Pleurotus euosmus, also known as tarragon oyster mushroom, is a species of edible fungus in the genus Pleurotus, It is quite similar to the better-known Pleurotus ostreatus,  but it is distinguished by its strong smell reminiscent of tarragon and substantially larger spores.

Description

General 

 The cap grows from 5 to about 15 cm, with beige-tan to dingy-brown surface.

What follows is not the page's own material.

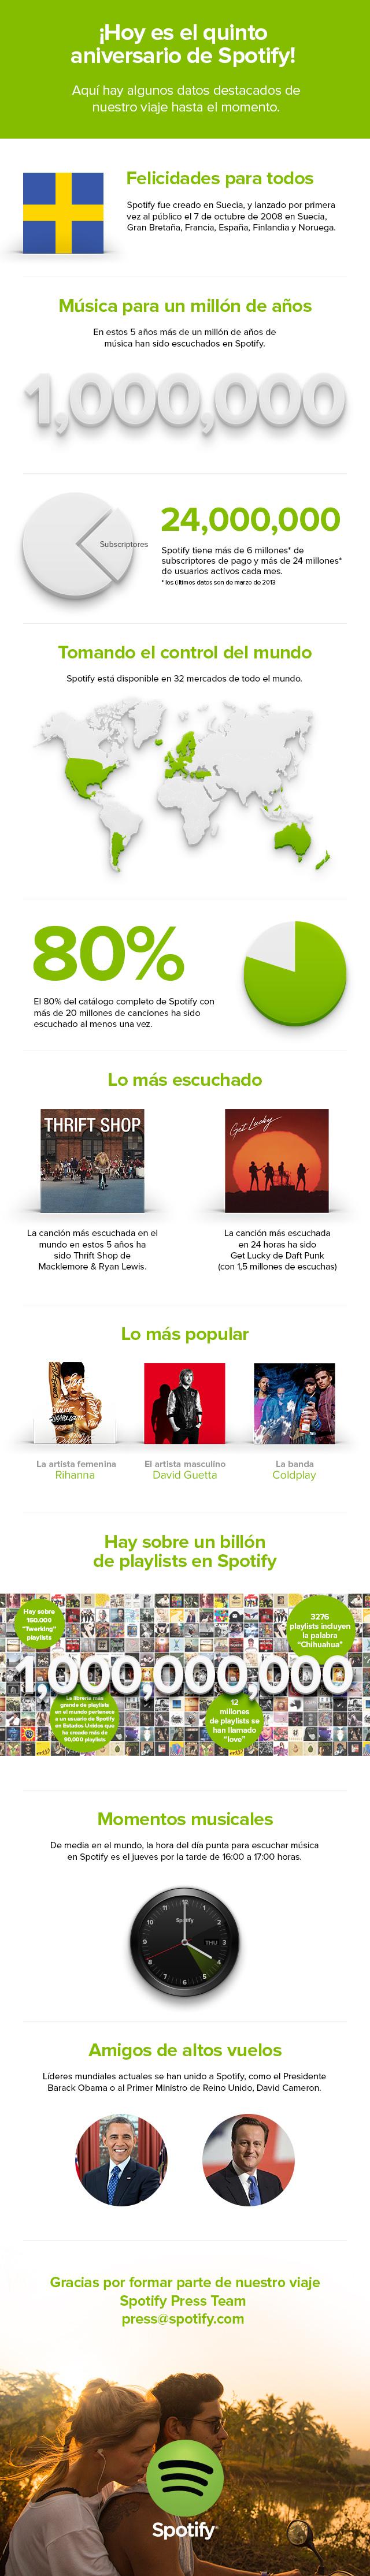 Los 5 primeros años de Spotify

It's first convex, becoming plane and then depressed with age.
 The stem is short, sometimes absent, may be forked and can vary from excentric to fairly central.  Each stem may be up to about 12 cm long and up to 2 cm thick.
 The dingy gills are decurrent down the stem and broad.
 The spore print is pale pinkish-lilac.

Microscopic characteristics 

 The spores in the form of an rather elongated ellipsoid are around 12-14 µm by 4-5 µm.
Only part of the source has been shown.